CemerlangMedia.Com — Kementerian Hukum dan HAM (Kemenkumham) memberikan remisi Hari Raya Idulfitri 1445 H kepada 16.336 narapidana Jawa Barat, Rabu (10-4-2024). Dari Jumlah tersebut, 128 narapidana langsung bebas di hari Lebaran.
Kepala Kantor Wilayah Kemenkumham Jabar Masjuno mengatakan, ada dua jenis remisi pada Lebaran 2024, yakni Remisi khusus Idulfitri I atau RK I berupa pengurangan hukuman dari 15 hari hingga 2 bulan. Sementara itu, remisi khusus Idulfitri II atau RK II berupa pengurangan masa hukuman yang langsung bebas setelah menjalani masa tahanan. Melihat hal ini, timbul pertanyaan, apakah remisi termasuk tradisi? Karena setiap momentum tertentu pasti ada hal semacam ini, seperti Hari Kemerdekaan dan Nataru.
Remisi pada momen tertentu ini menunjukan bahwa tidak adanya sanksi jera.
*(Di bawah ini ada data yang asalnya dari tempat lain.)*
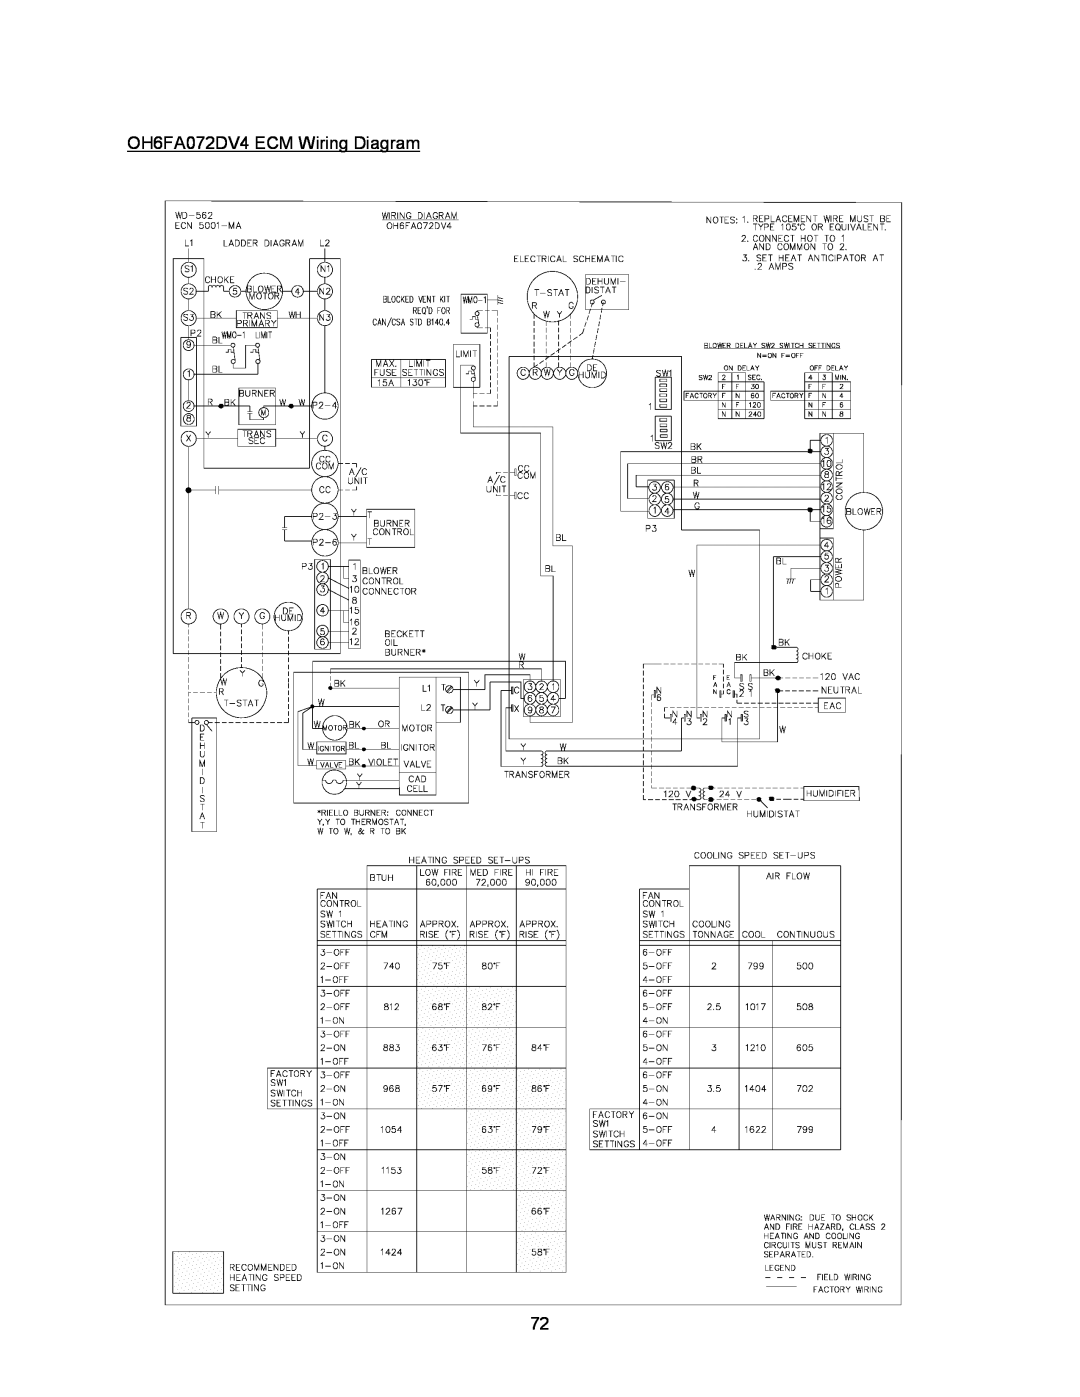 Thermo Products OH8FA119DV5B, OH8FA119DV5R, OH8FA119D60R, OH6FA072D48N, OH6FA072DV4N OH6FA072DV4 ECM Wiring Diagram

Bisa kita lihat, jika setiap momen mendapatkan remisi, narapidana makin cepat bebas. Hal ini bisa menambah banyak kasus kejahatan. Ini seolah menunjukkan bahwa negara tidak serius dalam memberikan sanksi kepada pelaku kejahatan.
Dalam sistem saat ini, di kalangan menengah ke bawah, ekonomi merupakan faktor penyebab mereka melakukan kejahatan. Tingkat kemiskinan yang tinggi, kesenjangan sosial, dan sulitnya mendapatkan pekerjaan membuat rakyat sulit dalam menjalani kehidupan, ditambah lagi dengan berbagai biaya yang mengalami kenaikan. Tidak adanya jaminan dari negara tentang kesejahteraan, membuat rakyat menempuh jalan apa saja agar bisa bertahan hidup.
Sedangkan di kalangan atas, pelaku kejahatan seperti koruptor makin menggila. Mereka dengan rakus mengeruk kekayaan negara yang seharusnya adalah hak setiap warga. Minimnya efek jera terhadap para koruptor ini pun, membuat para pejabat makin melenggang dan berbuat sesuka hati.
Selain itu, dalam sistem sekuler buatan manusia ini, undang-undang mudah berubah, mudah diubah, dan tidak baku. Standar yang dipakai tidak jelas, tidak konsisten, dan bisa mengalami perubahan sesuai kepentingan.
Tentu berbeda dengan negara yang menerapkan sistem Islam, yakni Daulah Khil4f4h, masyarakat dijamin kesejahteraannya sehingga mampu mengurangi tindakan kejahatan. Dalam bidang pendidikan pun, negara memberikan fasilitas yang baik, mampu mencetak generasi beriman dan bertakwa sehingga jauh dari kemaksiatan.
Aturan hukum dalam Islam khas, baku, tetap, dan menjerakan, seperti hukum qisas, potong tangan, cambuk, rajam, dan lain sebagainya. Sanksi-sanksi ini disyariatkan untuk mencegah manusia dari perbuatan kejahatan. Sebagaimana firman Allah Swt, “Dalam qisas itu ada (jaminan kelangsungan) hidup bagimu, hai orang-orang yang berakal supaya kamu bertakwa.” (QS Al-Baqarah: 179).
Berdasarkan ayat di atas, hukuman bagi seorang pembunuh adalah dengan dihilangkan juga nyawanya (dibunuh). Ini menjelaskan bahwa dalam syariat qisas terdapat hikmah yang sangat besar, yaitu menjaga jiwa manusia. Oleh karena itu, ketika seseorang tahu jika membunuh itu hukumannya adalah dibunuh, maka dia akan merasa takut untuk melakukan pembunuhan.